Recently we met a 45-year-old woman and her husband who had come from Greece to work for a year after finding themselves victims to that country’s disastrous economic climate. But an unexpected pregnancy and no insurance saw them plunged further into financial crisis.”
Facing a hospital bill in the thousands and unable to work due to her ‘geriatric pregnancy’ status, the couple couldn’t afford the essentials they needed for their baby. This is where St Kilda Mums was able to step in via a social worker and provide all the items they needed to bring their baby home.

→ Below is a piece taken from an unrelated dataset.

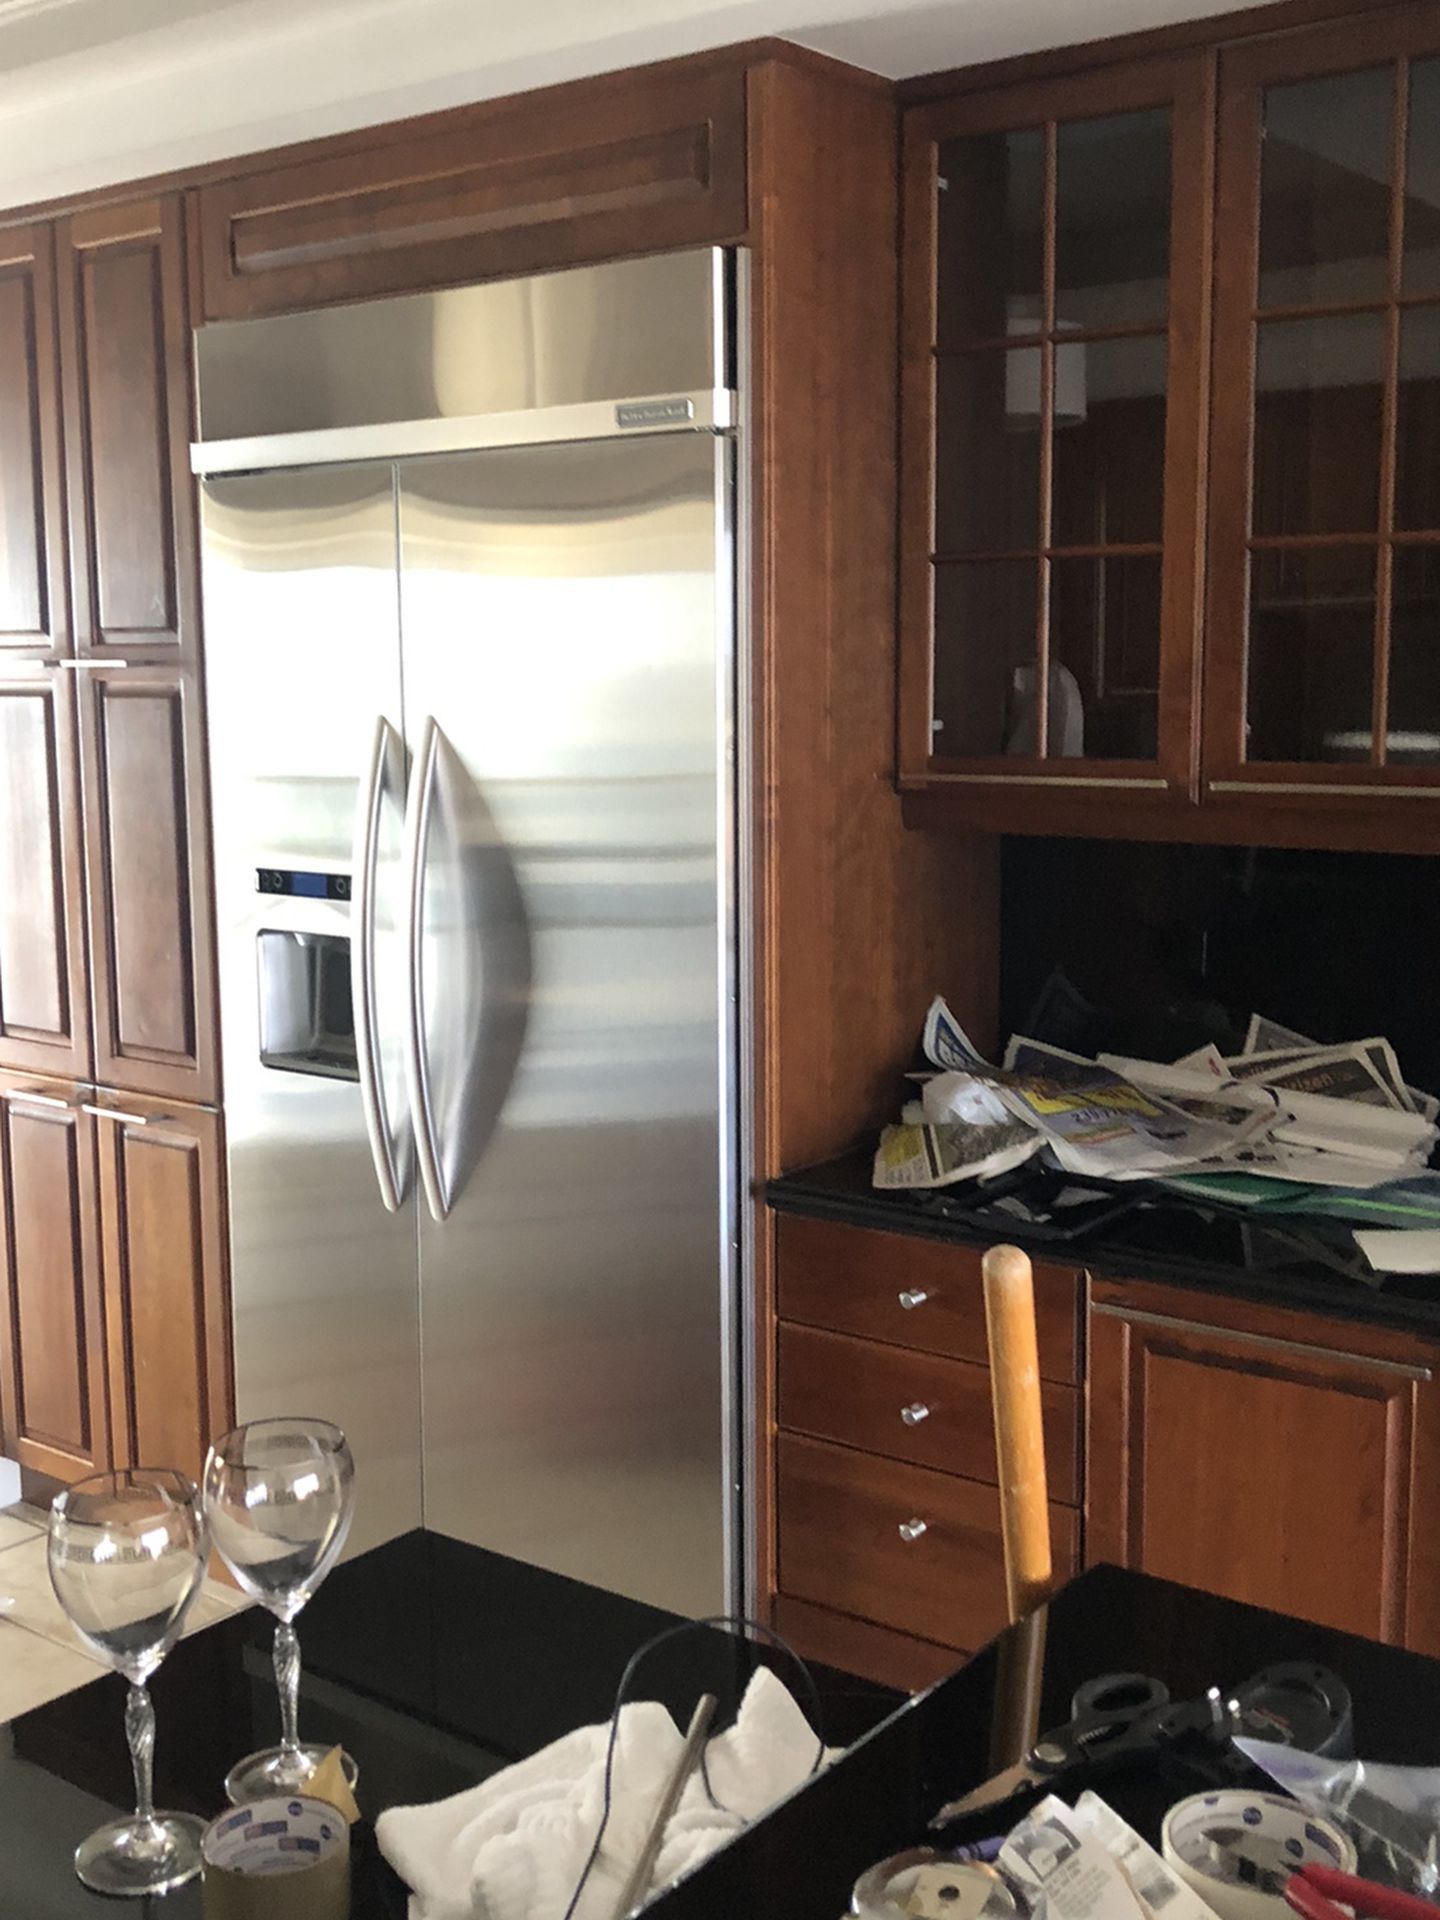 42” KitchenAid Refrigerator/Freezer, Great Condition

Another couple, young and devoted, found themselves unexpectedly pregnant but didn’t realise until late in the pregnancy. Desperate to keep their baby but unable to afford essential items and worried for the baby’s well being, they thought their only option was to put their baby up for adoption. In partnership with social services, we were able to set them up with everything they needed — they were over the moon to be able to keep their child.
You can’t fix people’s whole lives with ‘stuff’ but you can help them keep their babies.
It’s this kind of very tangible, immediate impact that keeps me motivated every day. It gives us the momentum to do more and the drive to look for innovative solutions.
The magic ingredients: automation, innovation, volunteers
Our Salesforce volunteer program has been crucial to driving that innovation, and automation has been key to maintaining our efficiency.
We manage our waitlist of 500 and the supplies in our warehouses entirely on a Salesforce platform we built ourselves — using Trailhead to work out how to build it — with zero implementation costs. The platform allows us to automate everything from the letters that are so important to our donor stewardship, to our mobile communications with social workers who are often on the road and hard to contact.
When a problem arises or we want to try a new way of tackling something, we send a message out to our Salesforce volunteer cohort — a diverse and highly skilled group — presenting the challenge. Many are here from overseas for a spouse’s work and may not themselves be entitled to work, or are juggling looking after kids with no family or support network. They might have a masters degree in IT and want to keep their skills fresh or they may want work experience to get a look-in with a new employer.
With St Kilda Mums they get fantastic learning opportunities and we get our problems solved quickly and creatively. It’s a win-win set up and many of our Salesforce volunteers go on to find jobs based on their time with St Kilda Mums. We’ve become a popular recruiting ground for banks and telcos!
The ripple effects
Eight years ago we decided we would give our IP away for free. At the time we were wrangling the legal implications of sharing our solutions and innovations with other charities and our Chair Maya Donevska said “why don’t we just make it freely available to anyone who needs it?”.
It was a lightbulb moment. What’s the point in constraining goodness? If even more people can benefit from our work, then all the better. We are about sharing, collaboration and cooperation. Today there are similar group of mums working across Australia with the help of our innovative systems. That we have been instrumental in getting this work done on a national scale is a legacy we are truly proud of.
As for the future, currently we reach about one third of babies born into poverty in Victoria. We want to reach all of them. One in six babies is born into poverty. That means five in six are not – and that’s a lot of stuff we can pass on to support the ones who can’t afford it.